*** Information supplied Section Begins ***

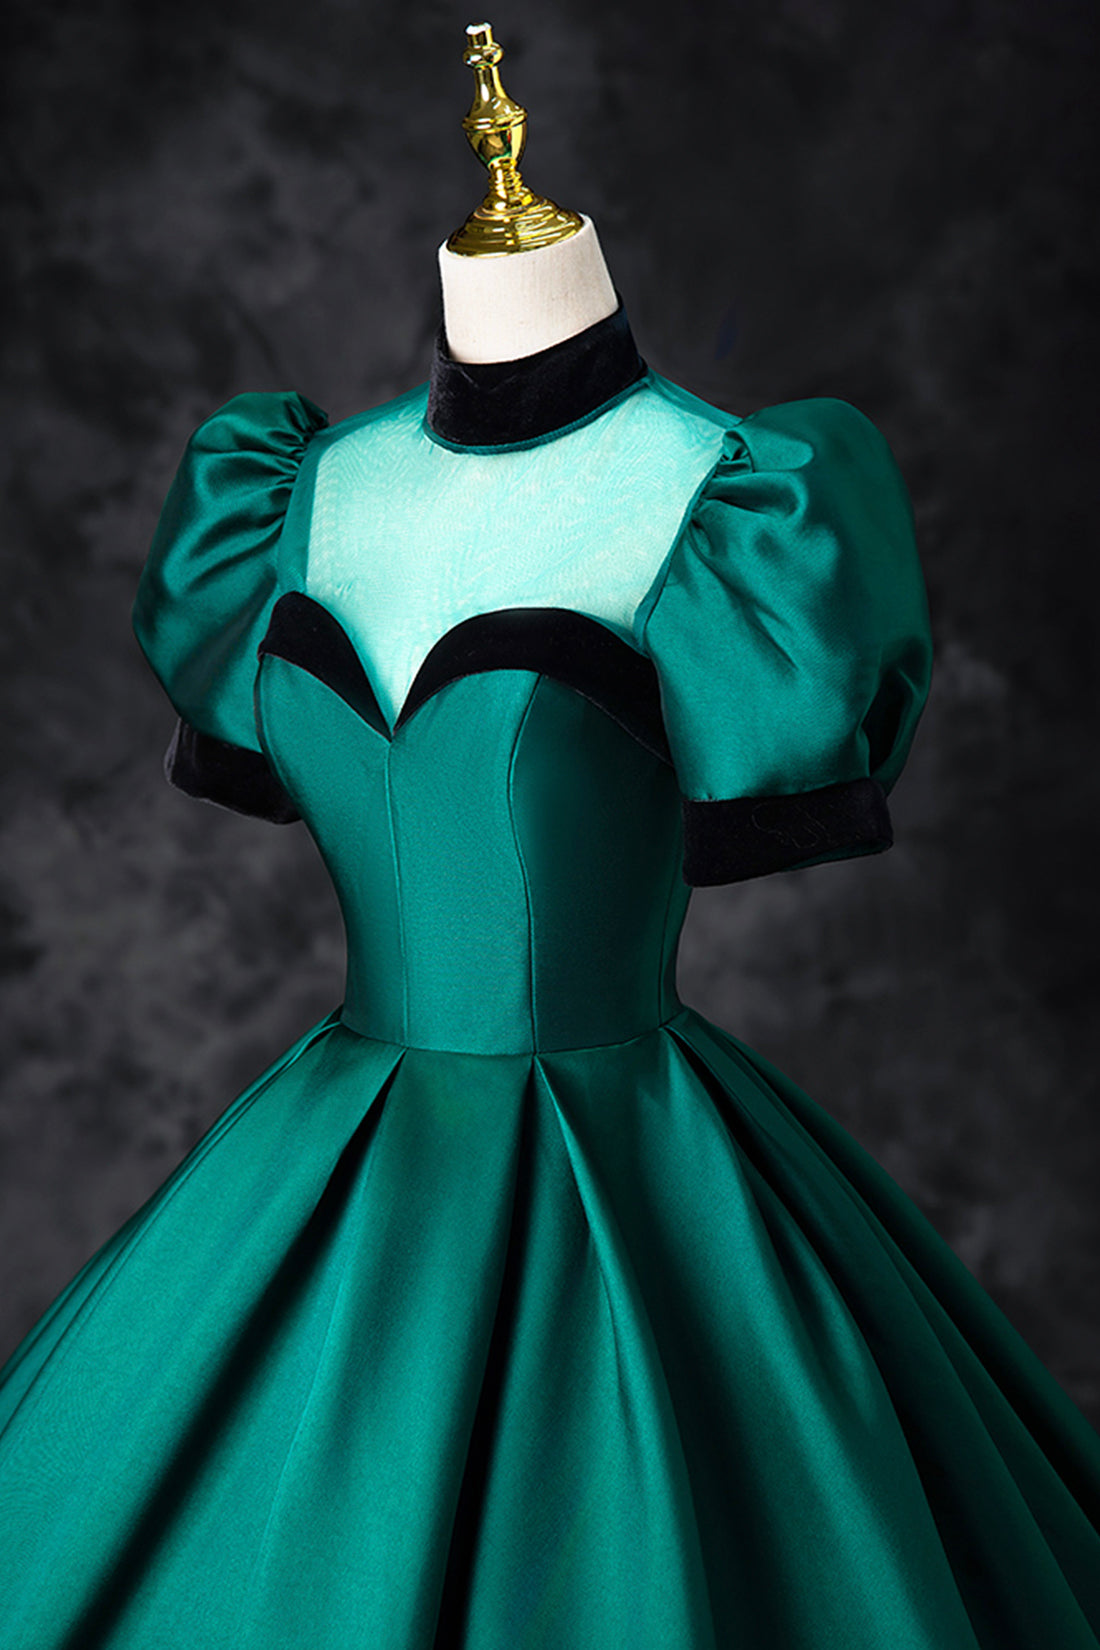 Green Satin Long Prom Dress, Elegant A-Line Short Sleeve Formal Evening Dress
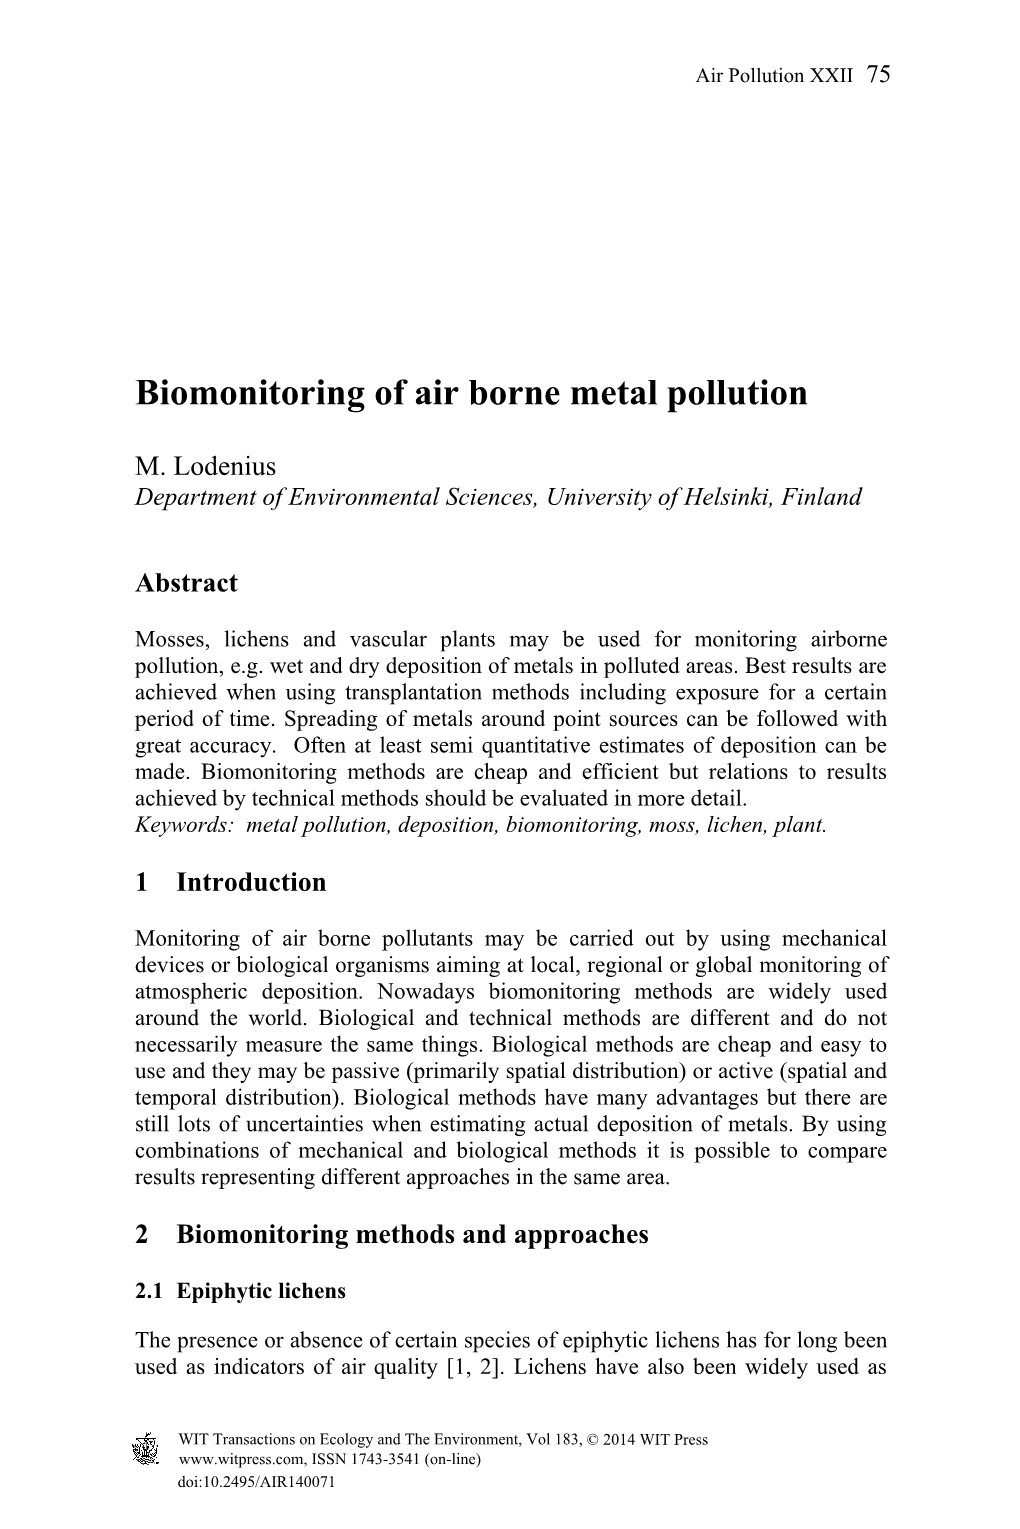 Biomonitoring of Air Borne Metal Pollution
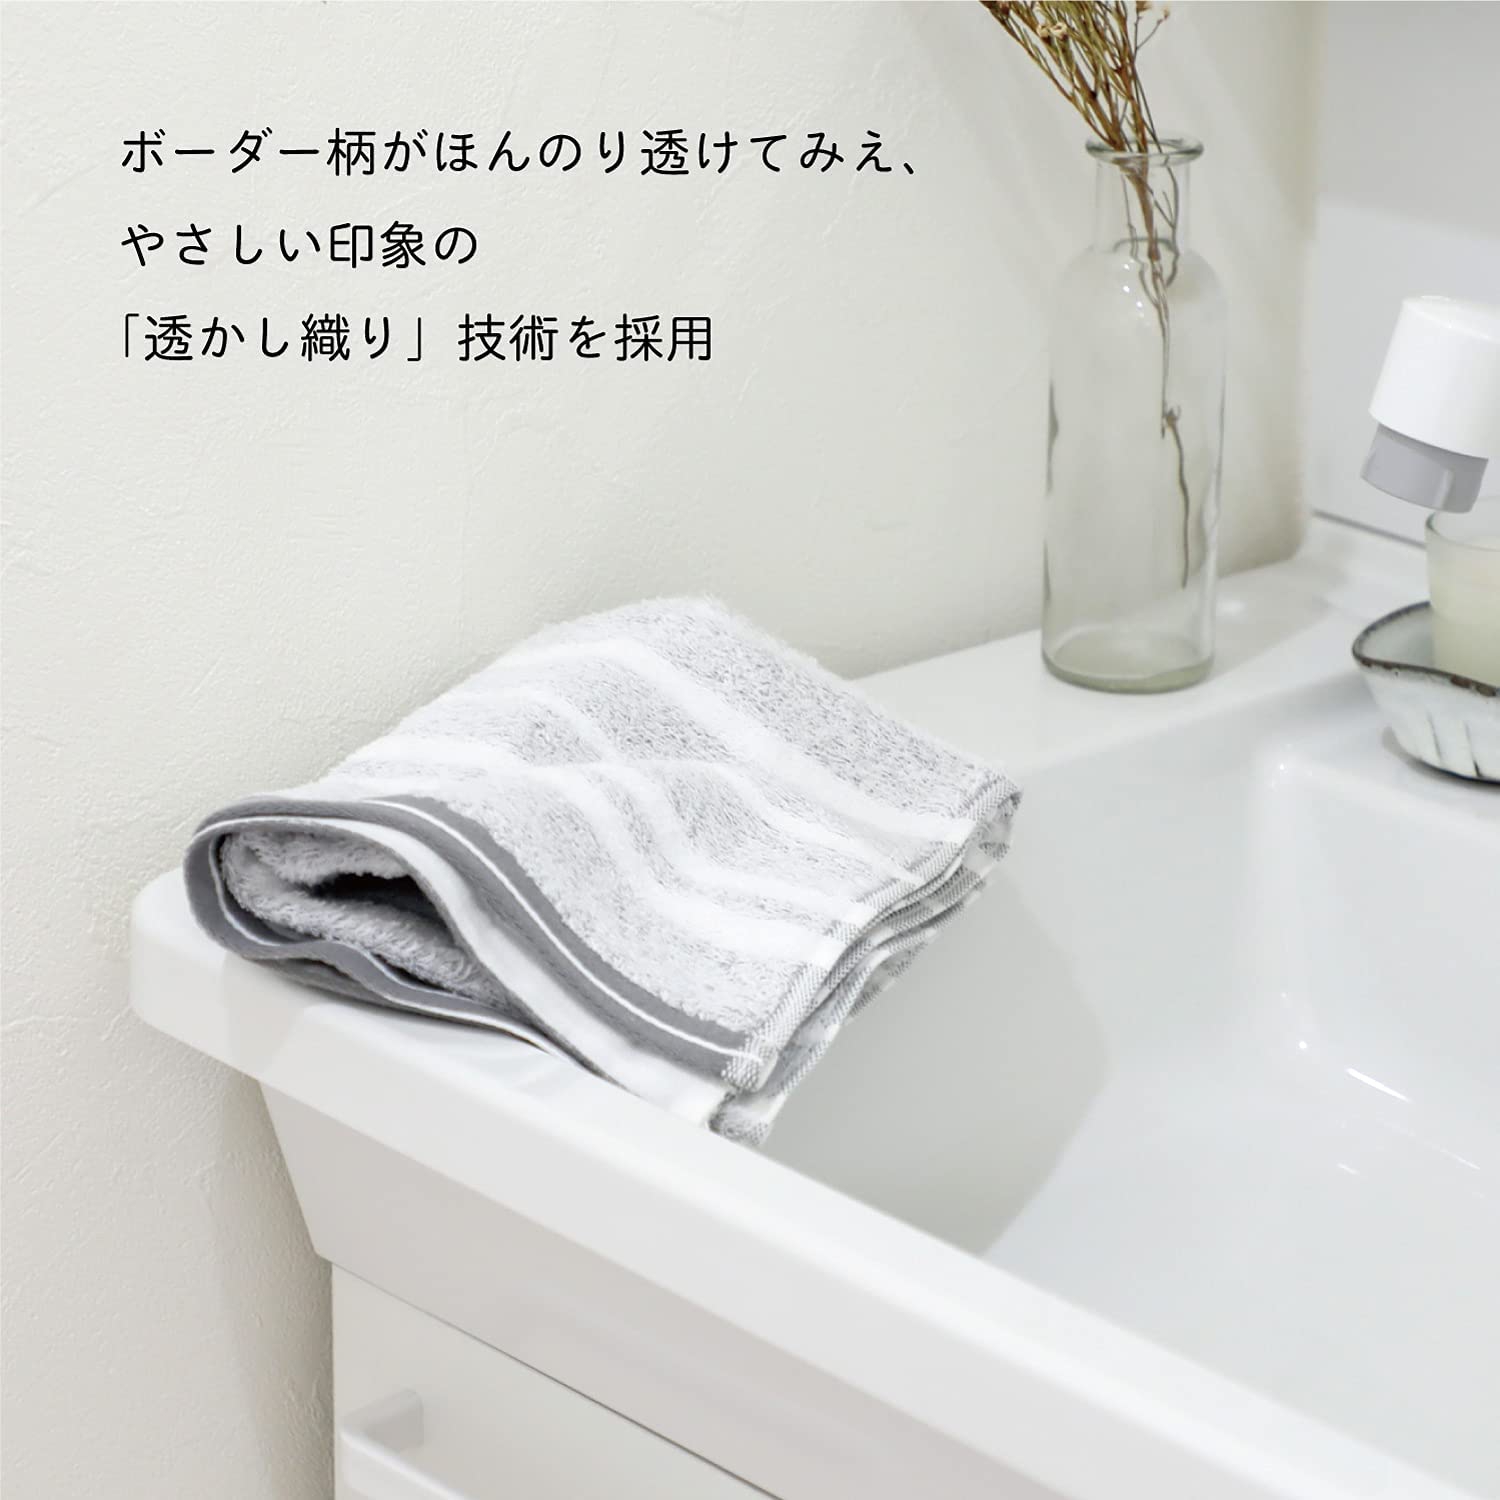 TANGONO(タンゴノ) Border towel バスタオルの商品画像7

*** Information supplied Section Ends ***

> Task prompt
Return the whole of the material above exactly, with no picture carried over.

> Reply
 Green Satin Long Prom Dress, Elegant A-Line Short Sleeve Formal Evening Dress
 Biomonitoring of Air Borne Metal Pollution
 TANGONO(タンゴノ) Border towel バスタオルの商品画像7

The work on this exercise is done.